Secretary of state dismisses complaint over Polis’ investment
Author: Joey Bunch - October 19, 2018 - Updated: October 19, 2018
The Secretary of State’s Office on Friday dismissed a complaint that alleged Democratic gubernatorial candidate Jared Polis failed to disclose his investment in a health care company that benefited from Obamacare.
Republicans alleged the company he co-founded, BridgeHealth Medical Inc., traded in medical tourism for Americans getting health care less expensively in other countries.
Colorado Politics was the first to tell you last week that former Republican Secretary of State Scott Gessler filed the complaint on behalf of Kristina Cook, a conservative radio personality and official with Denver County Republican Party.

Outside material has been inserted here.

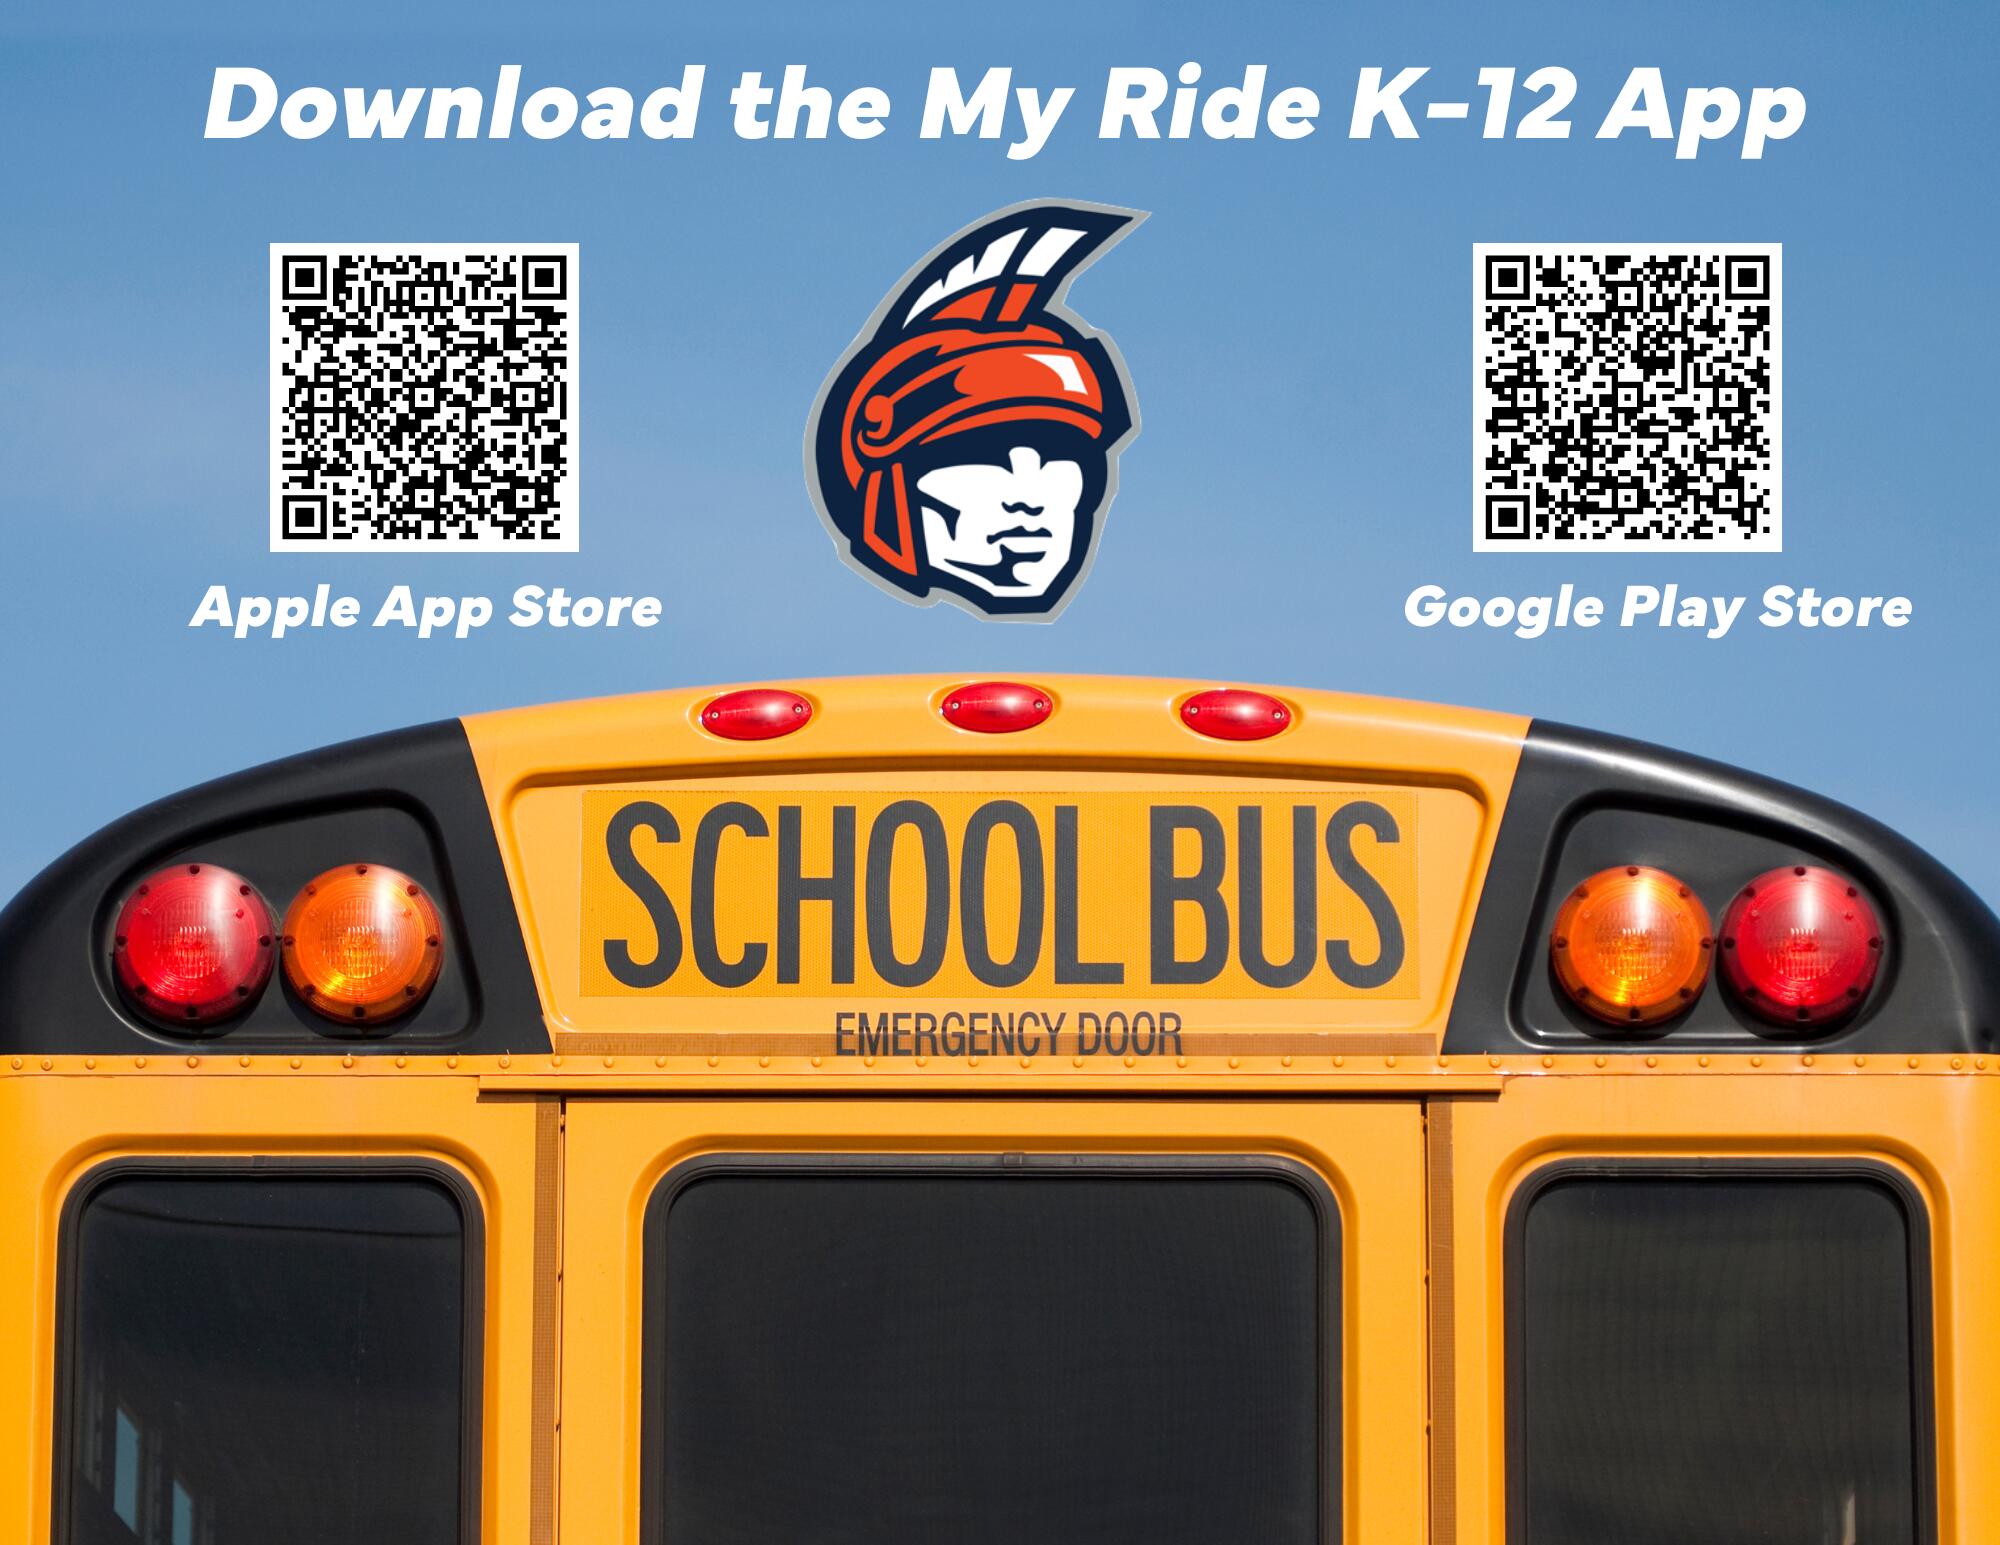 School Bus and Warrior Head with My Ride K-12 App QR Codes

“The complainant fails to allege a violation of Colorado campaign finance law,” the ruling states. “The complainant alleges that Respondent failed to disclose certain financial interests on his PFD, which he filed with the Secretary of State on June 20, 2017 …. Respondent timely filed his PFD on June 20, 2017, within ten days of filing his candidate affidavit for governor on June 12, 2017.”
Because the complaint didn’t cite a violation of state, the Secretary of State’s Office did not dig into other issues, including whether Polis used his position as a member of Congress to help BridgeHealth by helping pass the Affordable Care Act.
Polis disclosed the investment in congressional disclosure forms.
Democratic operatives also have previously argued to Colorado Politics that the Affordable Care Act did nothing to help or hurt medical tourism. Last year the medical industry predicted medical tourism would soar if Republicans repealed Obamacare.
The Polis campaign declined to comment Friday morning.
“I think what the secretary of state just said is as long as he files it on time, then it’s OK to lie,” Cook told Colorado Politics after the ruling came out.
The secretary of state is Wayne Williams, a Republican up for re-election on Nov. 6. Williams succeeded Gessler in 2014, when Gessler ran for governor instead of seeking a second term. Gessler, before and after holding office, is an elections lawyer.
Gessler said he would not criticize his predecessor or former staff, but “I think it’s a very cramped and unworkable interpretation of the statute.”